Talking of Football Manager Handheld, where is it? When I last spoke to Jacobson he was waiting for the iPhone 5 announcement, tick, and for Football Manager 2013 to be released, tick. Well, he couldn't narrow it down further than "before Christmas" on both iOS and Android because of submission processes. Game features will be announced in the next couple of weeks.

"But we will have a PSP version again this year as well," he revealed, "which is either going to come on 30th November or 7th December, depending on how quickly we can get the discs manufactured."

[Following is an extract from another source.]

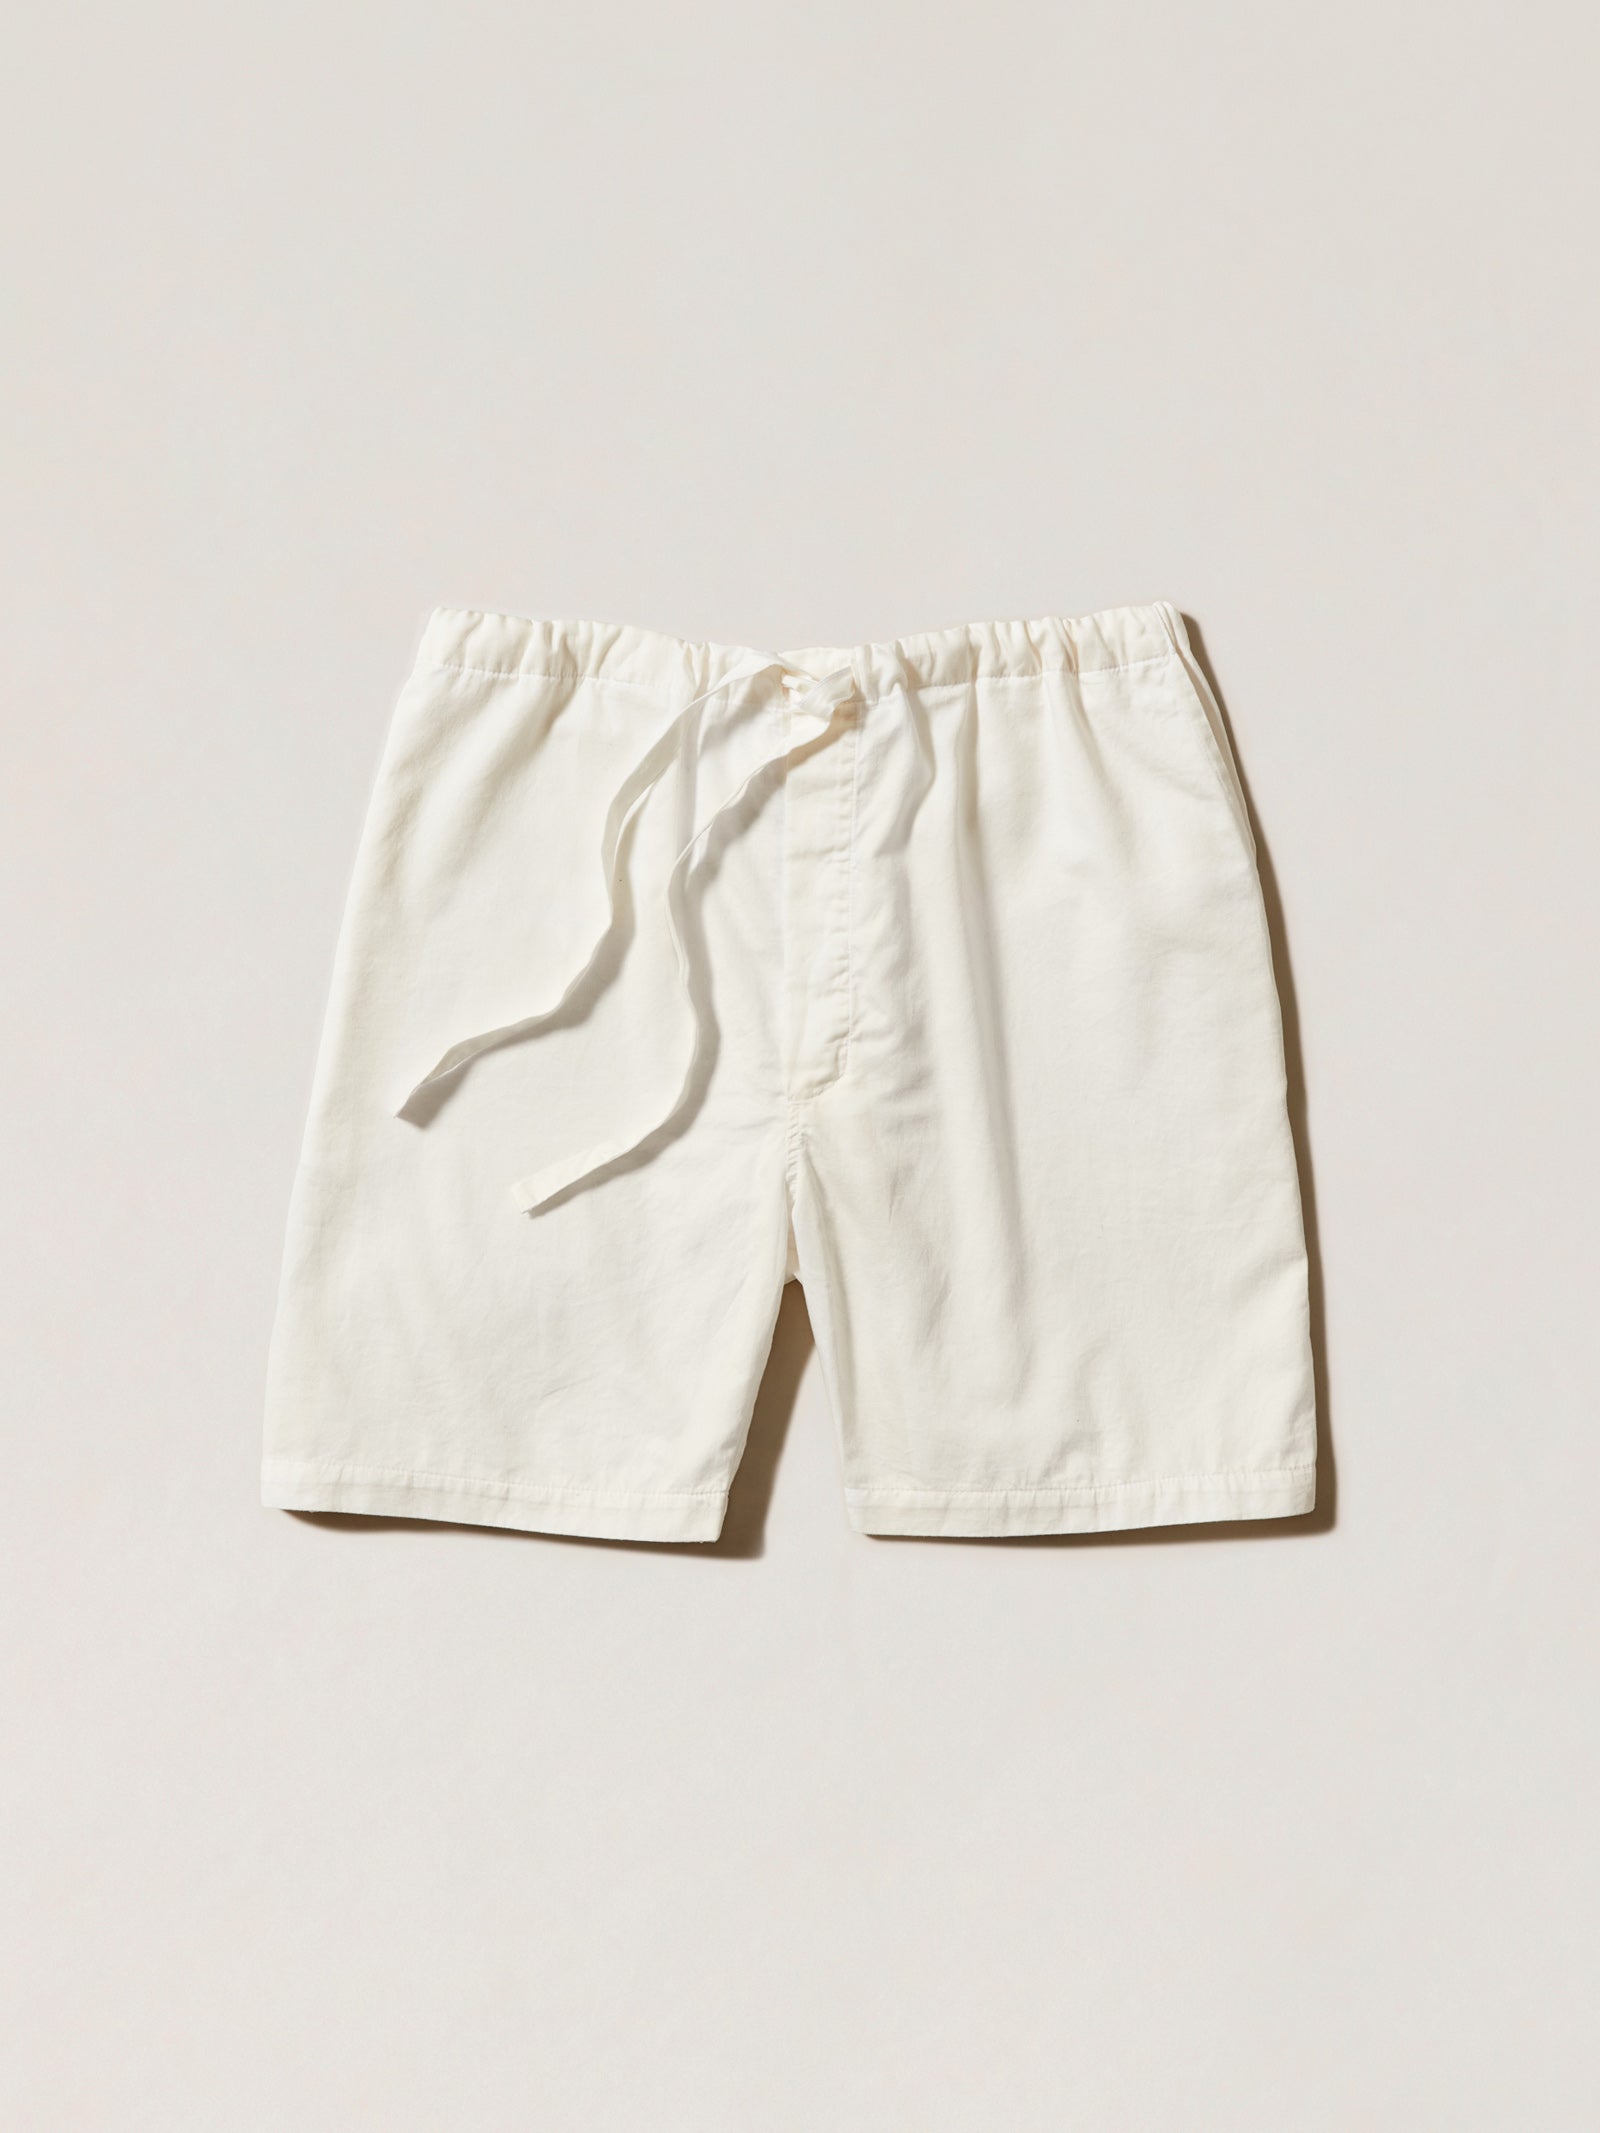 100% cotton pyjama shorts, white drawstring waist lounge shorts

The PSP game will work and be available to download on Vita. Whether or not a bespoke Vita Football Manager game happens depends on hardware sales. "A lot of that's going to depend on how Vita does this Christmas, because we are a niche game and we need a certain amount of devices to be out there. If there's not a market for us to be able to make the game make money on it, we won't do it, but fingers crossed, because there's a lot of people here that would like to be working on it."

If you pre-ordered Football Manager 2013 you could play a beta version two weeks early. It wasn't meant as a way to find bugs, but find them players did. The overhauled match engine was disallowing goals, letting in goals at back posts from corners, making goalkeepers do "silly" things and having defenders sometimes ignore the ball. God, how unrealistic. There's a new version of the match engine in the Football Manager 2013 release build and "all those are nailed", said Jacobson. "It wasn't the original point of doing the beta pre-order," he admitted, "but it ended up being a very nice side-effect of it."

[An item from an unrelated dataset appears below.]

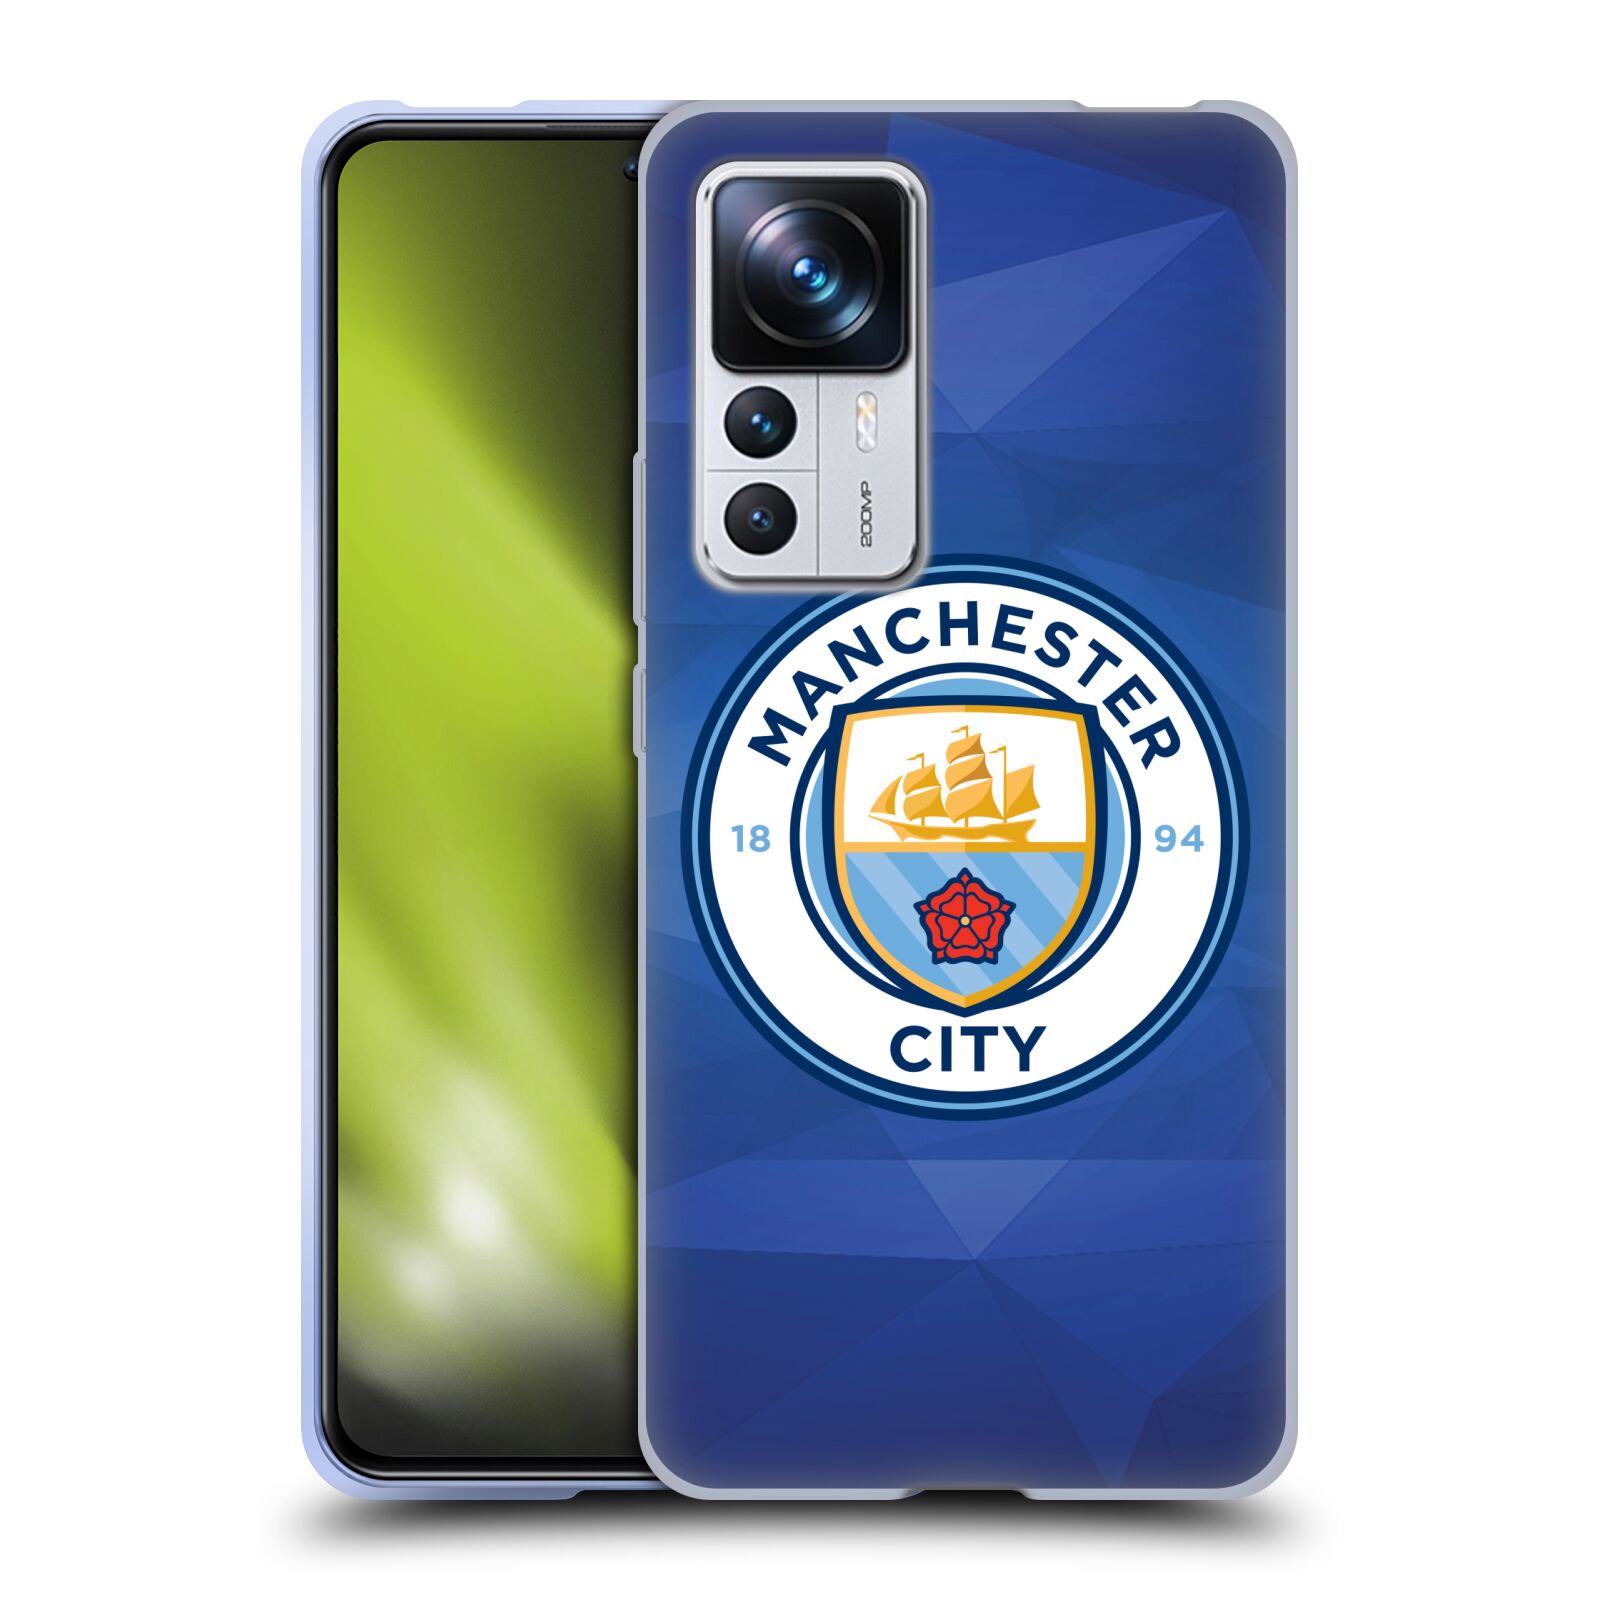 Silikonové pouzdro na mobil Xiaomi 12T / 12T Pro - Head Case - Manchester City FC - Modré nové logo (Silikonový kryt, obal, pouzdro na mobilní telefon Xiaomi 12T / 12T Pro s motivem Manchester City FC - Modré nové logo)

"If there were no dishonest people in the world then we would do a public beta."

Miles Jacobson

SI spends "a fortune" each year - "hundreds upon hundreds of thousands of pounds" - on QA testing Football Manager both in-house and out (apparently there are a couple of hundred people in "the world of football" who give feedback on the game). But all that can't match the collective testing of the thousands of people in that pre-order beta. So why doesn't SI use a beta as many MMO companies do, to weed out the bugs in their vast worlds or simulations?

"Well we do have a beta and we have around 150 to 200 people on the beta. The problem with doing public betas is public betas lead to your game being cracked," Jacobson said. "If there were no dishonest people in the world then we would do a public beta. It's a shame but that is the way of the world."

So it is that Football Manager has to live with having a bit of a reputation for bugs. Perhaps it's an unavoidable part of being a very complex, procedurally generated game.

"I'd love to be able to say to you that at some point in the future we will have a game with no bugs in it at all," Jacobson said. "But I'm a realist, so we just do the best that we possibly can to iron out issues that are there.

"And also," he added, "some things people think are bugs actually aren't, so we have to be careful to make sure that we are accurately simulating football and not accurately simulating the best 11 players playing the best 11 players on a pitch that's actually made of perfect carpet."

Football Manager 2013 is out now and £29.99 on Steam.